The Conservatives lost their parliamentary majority in Thursday’s election – a vote May called in a bid to strengthen her mandate ahead of exit talks with the EU. Instead, she has left Britain’s government ranks in disarray, days before the divorce negotiations are due to start on June 19.

May’s party won 318 seats, 12 fewer than it had before the snap election, and eight short of the 326 needed for an outright majority. Labour surpassed expectations by winning 262.

Former Treasury chief George Osborne – who was fired by May last year – called May a “dead woman walking,” and opposition leader Jeremy Corbyn said he was ready to contest another election at any time.

Many senior Conservatives say May should stay, for now, to provide stability. But few believe she can hang on for more than a few months.

“I think her position is, in the long term, untenable,” Conservative lawmaker Anna Soubry told Sky News.

But Graham Brady, who chairs the influential 1922 Committee of backbench Conservative lawmakers, said a “self-indulgent” party leadership campaign would only cause more uncertainty.

He acknowledged that the government would be unable to get many of the measures promised in its election platform through Parliament.

May called the election to win explicit backing for her stance on Brexit, which involves leaving the EU’s single market and imposing restrictions on immigration while trying to negotiate free trade deal with the bloc. Some say her failure means the government must now take a more flexible approach to the divorce, potentially softening the exit terms.

Scottish Conservative leader Ruth Davidson, who took the party from one Scottish seat to 13, said there would now have to be “consensus within the country about what it means and what we seek to achieve as we leave.”

To stay in power, the Conservatives are seeking support from Northern Ireland’s Democratic Unionist Party. May’s office said Saturday principles of an agreement had been reached, but the two sides later clarified that they are still talking.

“We have made good progress but the discussions continue,” DUP leader Arlene Foster said.

Downing Street said it hopes to finalize the deal next week, after Parliament resumes sitting.

The two sides are looking to form a “confidence and supply” arrangement. That means the DUP would back the government on confidence motions and budget votes, but it’s not a coalition government or a broader pact.

The alliance makes some modernizing Conservatives uneasy. The DUP is a socially conservative group that opposes abortion and same-sex marriage and had links to Protestant paramilitary groups during Ireland’s sectarian “Troubles.”

Conservative lawmaker Nicky Morgan told ITV that she could support a confidence and supply arrangement with the DUP, but any closer deal would be “a step too far.”
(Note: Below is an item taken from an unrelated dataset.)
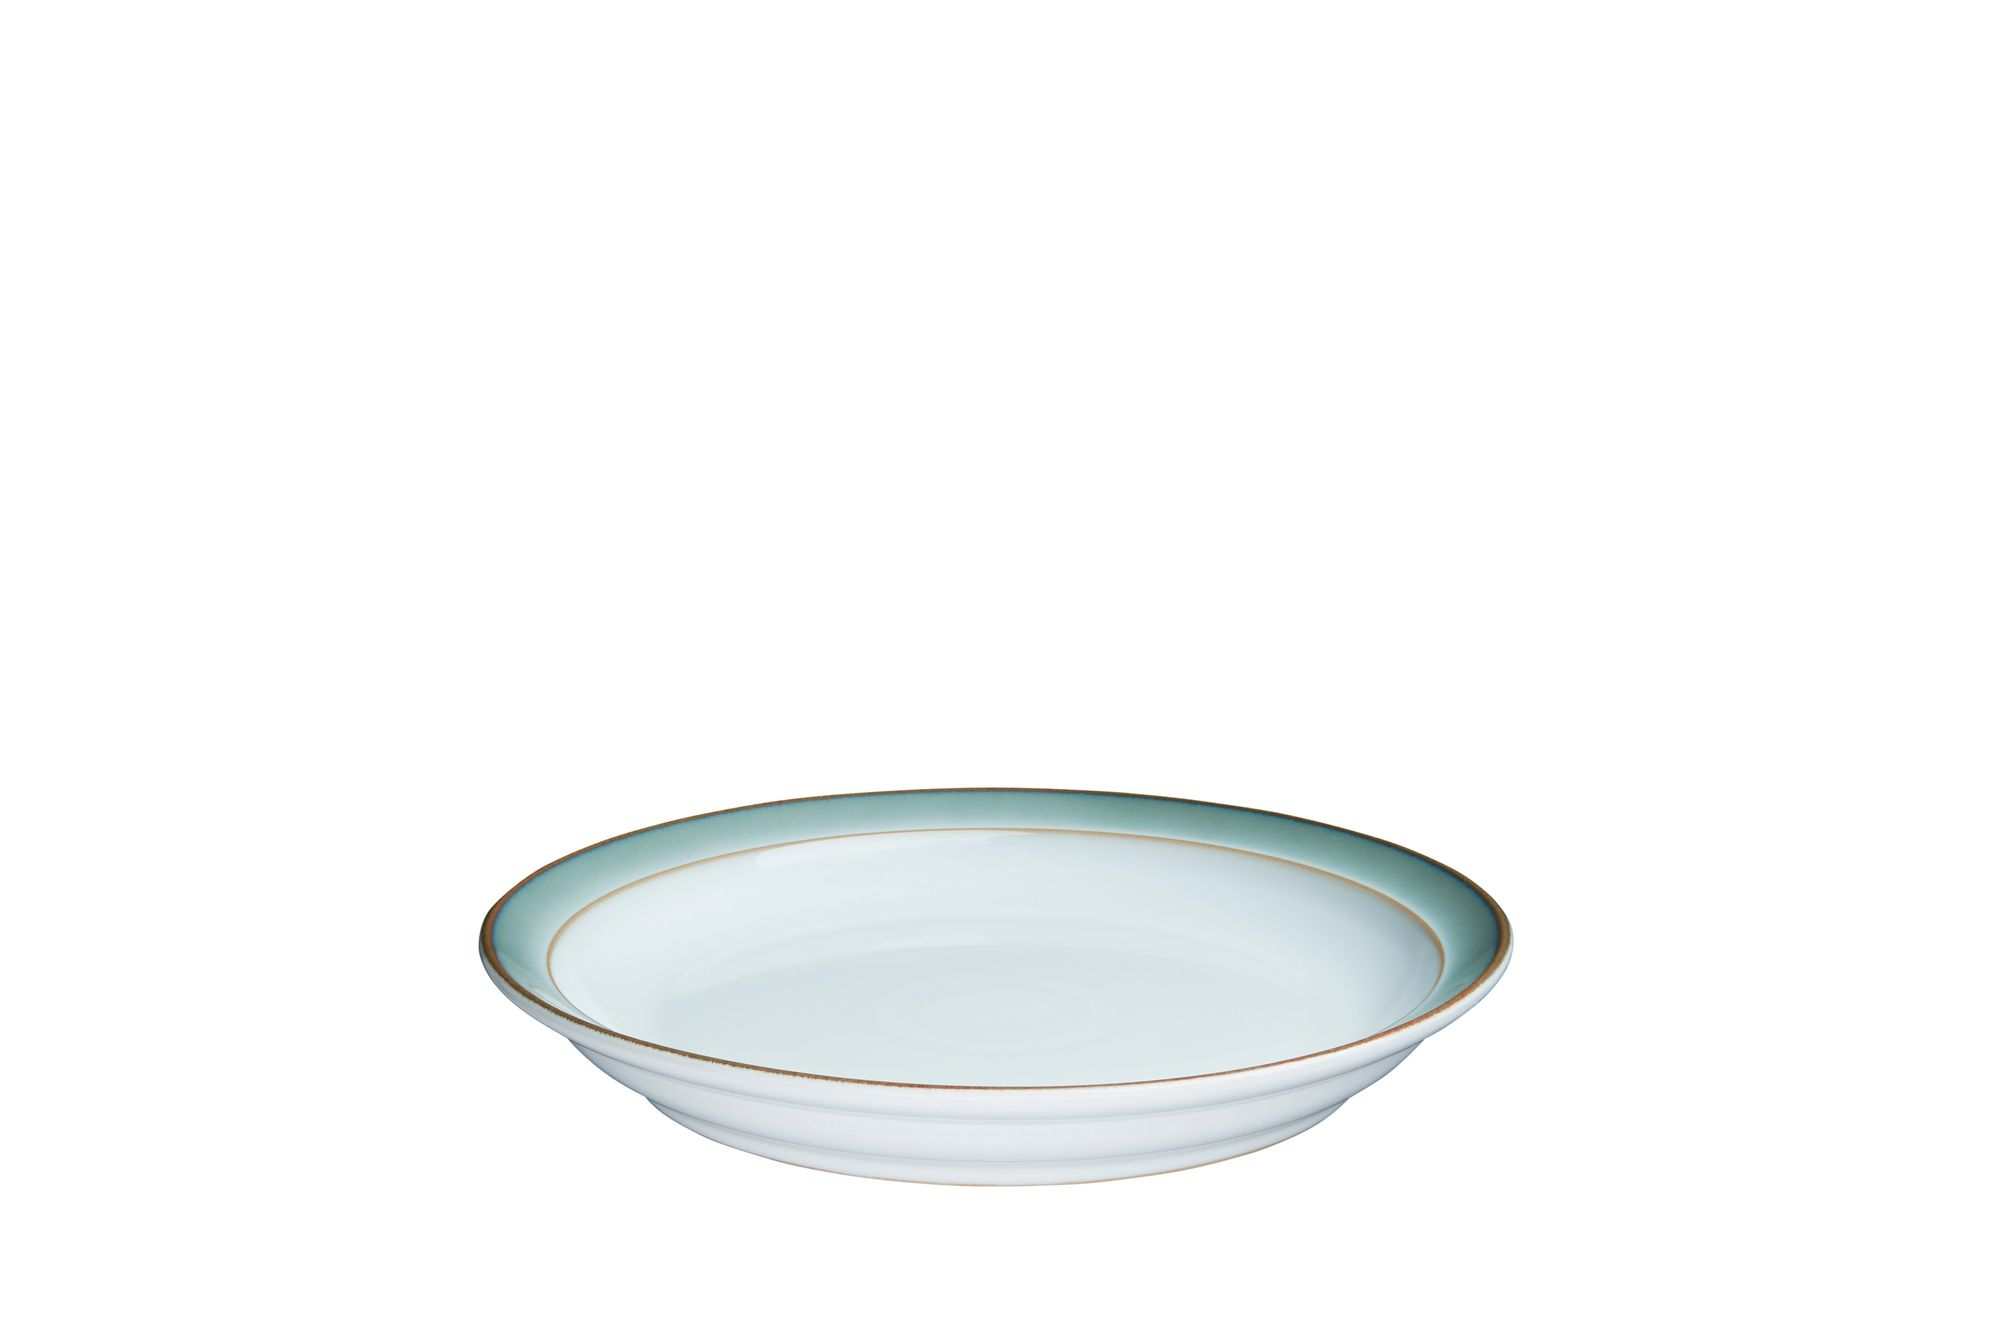 Denby Regency Green Side Plate Deep Plate 21.5 x 3cm thumb 1
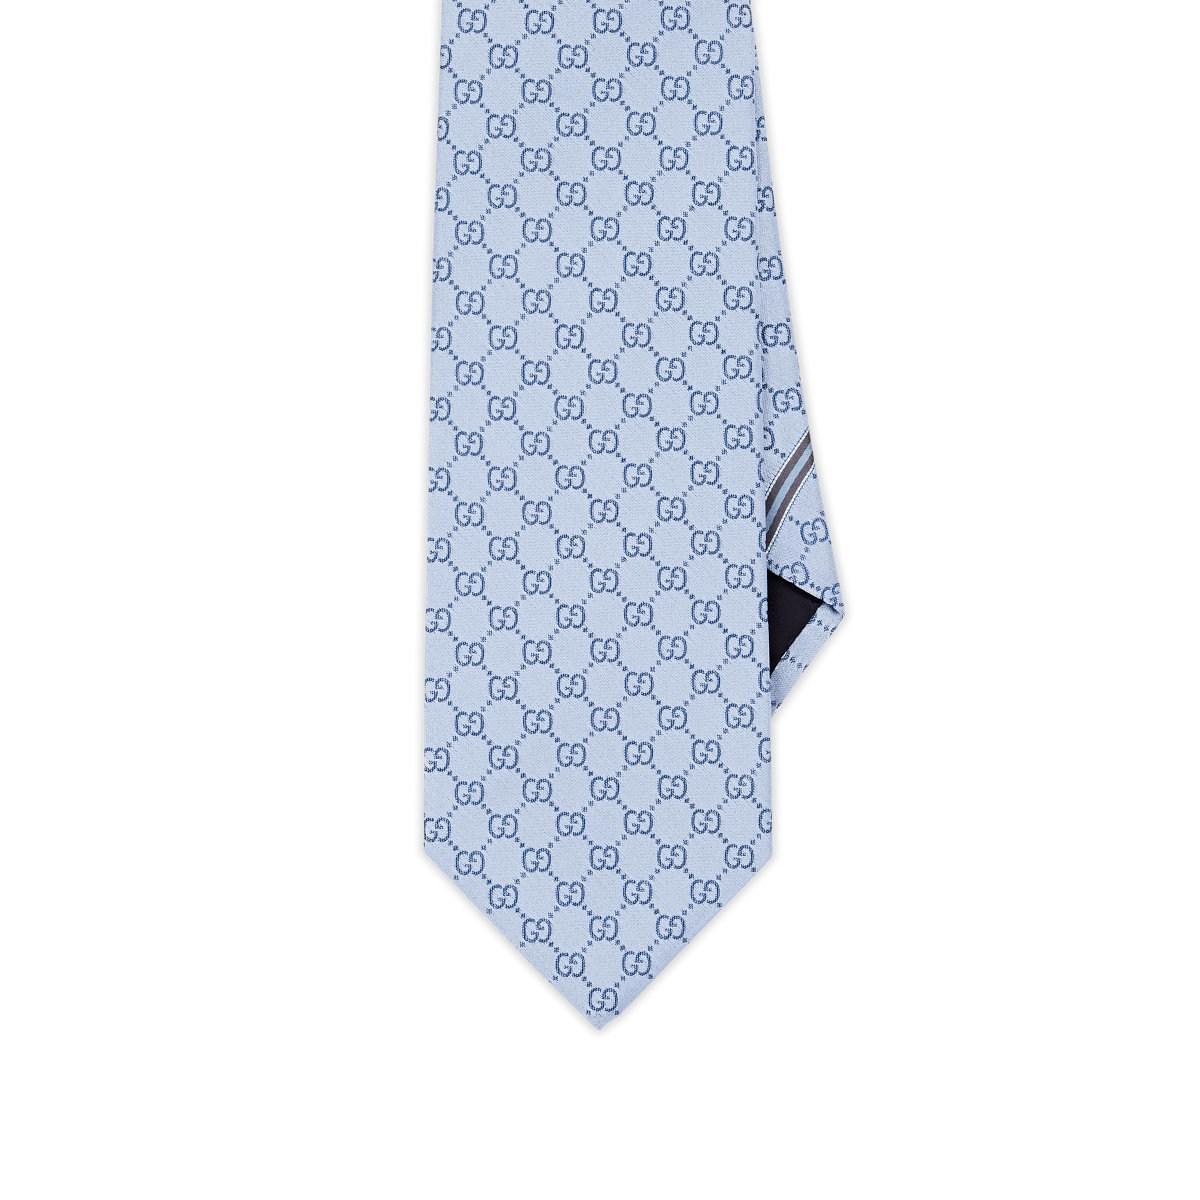 b189c13812a Gucci - Blue GG-Pattern Silk Jacquard Necktie for Men - Lyst. View  fullscreen

A deal between the government and the DUP could also unsettle the precarious balance between Northern Ireland’s British loyalist and Irish nationalist parties, whose power-sharing administration in Belfast collapsed earlier this year.

Irish Prime Minister Enda Kenny tweeted Sunday that he had spoken with May “and indicated my concern that nothing should happen to put (the Good Friday Agreement) at risk.”

The 1998 Good Friday agreement set up power sharing in Northern Ireland, largely ending years of sectarian violence.

The British government doesn’t have long to ink a deal. It is due to present its platform for the next session in the Queen’s Speech at the State Opening of Parliament on June 19. The speech will be followed by several days of debate and a vote. By tradition, defeat on a Queen’s Speech vote topples the government.

Corbyn said Labour would try to amend the Queen’s Speech to include its own commitments to end austerity and boost public spending. Without the amendments, he said Labour would try to vote down the speech.

“I don’t think Theresa May and this government have any credibility,” Corbyn told the Sunday Mirror, predicting that there could be another election within months.

“I can still be prime minister,” Corbyn said. “This is still on.”

See Corbin “I can still be prime minister.”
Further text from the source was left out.